Lemmatizer


Description

Lemmatizer is the language tool that given any word-form it returns the headword of the morphological lemma this word-form belongs to, e.g. for the word-form κατέστη it returns the headword καθιστώ. In cases where the input word-form belongs to more than one morphological lemmata, the Lemmatizer returns all the corresponding headwords, e.g. for the word-form απαντήσεις it returns απαντώ and απάντηση. The functionality of Neurolingo's Lemmatizer is based on an index that contains all the word-forms of the Morphological Lexicon.

For an extensively inflected language like Modern Greek, the Lemmatizer is an integral functional component of text indexing and searching systems. For example, when the user searches for texts containing the word-form υπολογιστές, he/she would probably like to recall texts that also contain the word-forms υπολογιστής, υπολογιστή and υπολογιστών. In practice, this is achieved by lemmatizing the indexing terms as well as the search terms: texts that contain the word-forms υπολογιστή, υπολογιστές and υπολογιστών will also be indexed with the headword υπολογιστής; a query that contains the word-form υπολογιστές will be expanded with the headword υπολογιστής. This way, a text containing the word-form υπολογιστών can now be associated with a query containing the word-form υπολογιστές through the common headword υπολογιστής.

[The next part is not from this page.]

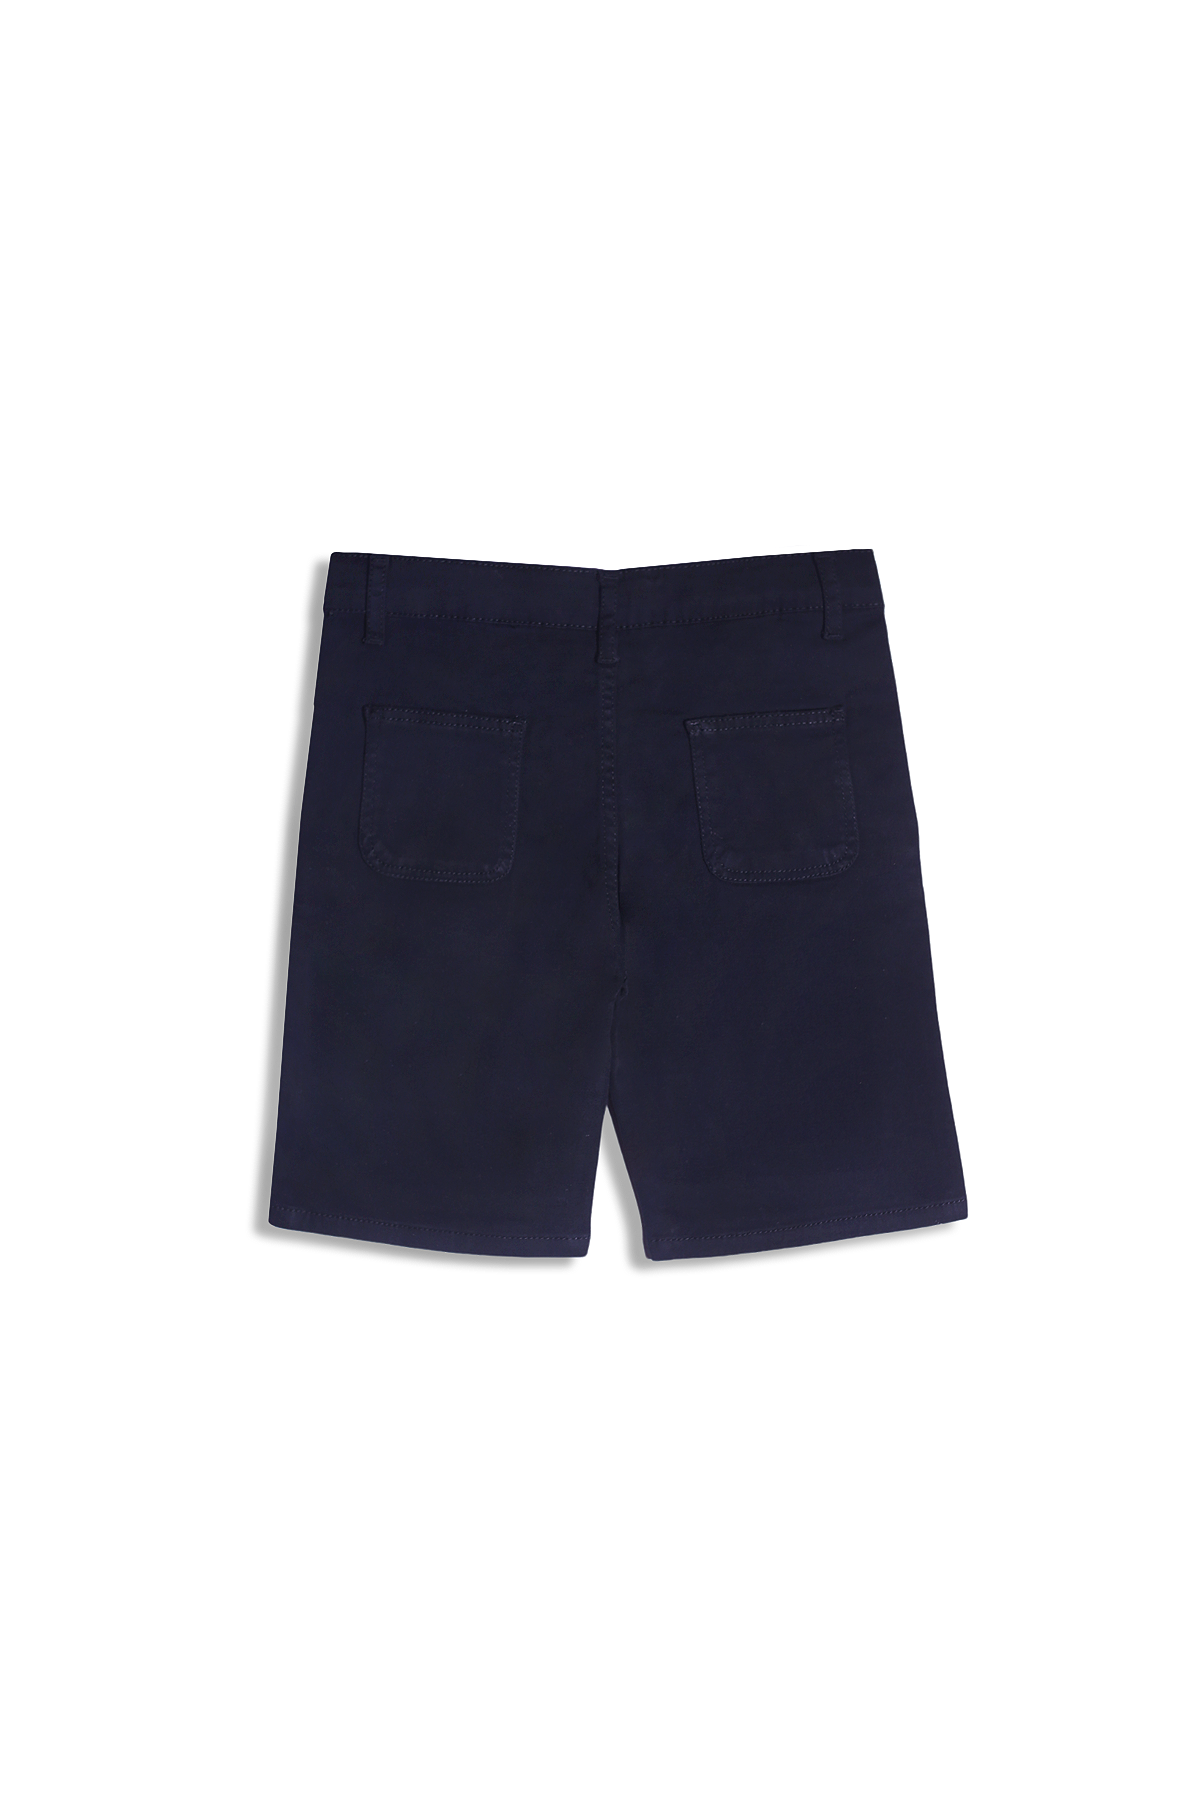 Shorts (BSH-454)

arrow Try Lemmatizer online.

Applications

The Lemmatizer of Neurolingo has been intergrated with the following text indexing and searching systems:

  • Apache Lucene. The functionality of the Lemmatizer is offered through a descendant of the Java class org.apache.lucene.analysis.Analyzer.
  • Oracle Text. The functionality of the Lemmatizer is offered through stored procedures (USER_LEXER preference).
  • Microsoft Indexing Service / SQL Server Full-Text Search. The functionality of the Lemmatizer is offered through the implementation of the IStemmer COM interface.